Having been training with the first team, Tounkara made his Serie A debut in the final match of the 2013–14 season, which Lazio won 1–0 at the Stadio Olimpico against Bologna. Tounkara came off the bench to replace Miroslav Klose in the 81st minute of the game.

====Crotone (loan)====
In July 2015, Mamadou Tounkara was transferred to Crotone on loan.

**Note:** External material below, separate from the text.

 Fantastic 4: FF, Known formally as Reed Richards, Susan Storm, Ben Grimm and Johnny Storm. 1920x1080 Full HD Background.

The deal included a buy-out option for Crotone, while Lazio have a buy-back option.

====Salernitana (loan)====
On 1 February 2016, Tounkara joined Salernitana on loan until the end of the season.

====Flamurtari (loan)====
On 30 January 2017, Tounkara joined Flamurtari on loan until the end of the season.

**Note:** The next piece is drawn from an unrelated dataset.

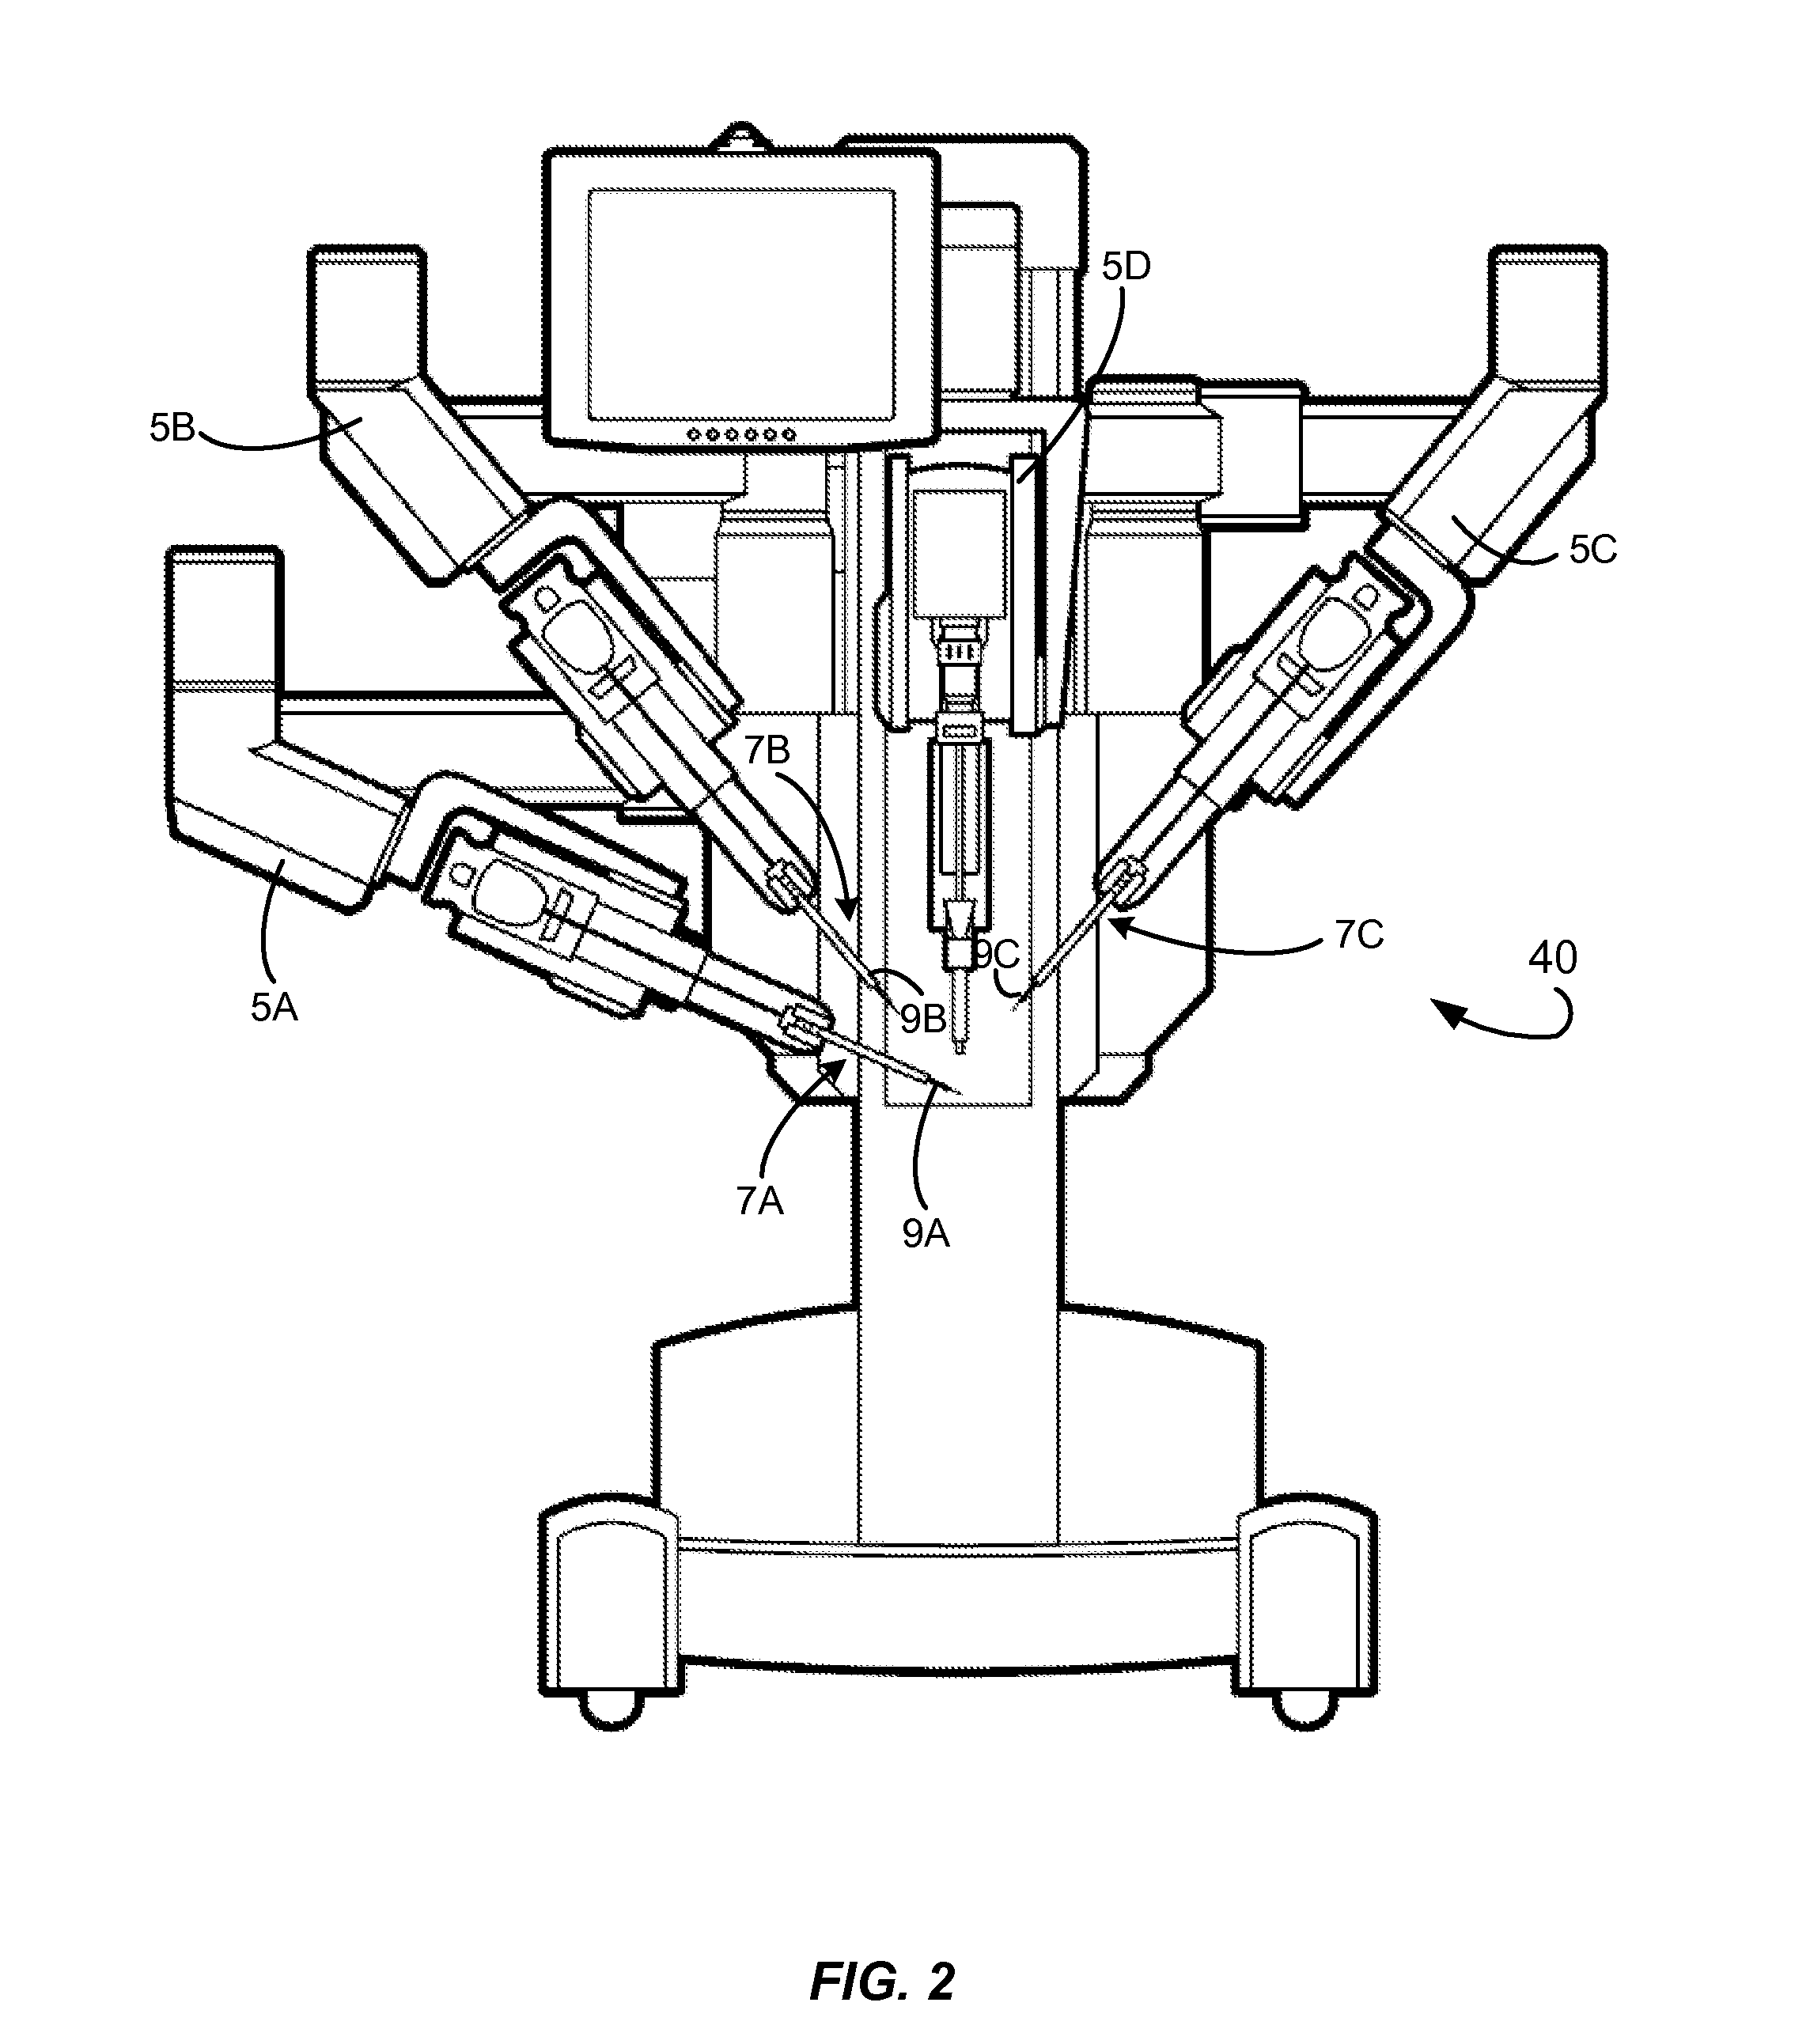 Indicator for Knife Location in a Stapling or Vessel Sealing Instrument

====Schaffhausen (loan)====
On 3 July 2018, Tounkara joined Schaffhausen on loan.

====Zemplín Michalovce (loan)====
On 1 February 2019, he joined Zemplín Michalovce on loan.

===Viterbese===
On 11 August 2019, he transferred to Serie C club Viterbese and signed a 2-year contract.

===Cittadella===
On 14 July 2021, he joined Serie B side Cittadella.

===Avellino===
On 19 January 2023, he transferred to Serie C club Avellino on loan with an obligation to buy. After the obligation to buy was triggered, Tounkara's contract with Avellino was terminated by mutual consent on 28 July 2023.

===Avezzano===
In December 2023 he joined Italian Serie D team Avezzano, signing a one-and-a-half-year contract.

=== Guidonia Montecelio ===
On 12 August 2024, he joined Serie D side Guidonia Montecelio. On 31 March 2025, his contract was terminated by the club. In April 2025, he was given a ten-month ban by the FIGC for "attempted gambling misconduct". On 6 March 2026, he returned to the club.

==International career==

I am Senegalese, and I support our national team. It's true that I am binational, but I've already discussed with all my family. I am ready to come and defend the colours of my country.
— –Mamadou Tounkara

Tounkara is eligible to represent both Spain and Senegal at international level. In 2012, he received a call-up to the Spain under-17 team. Four years later, Tounkara revealed his decision to play for Senegal.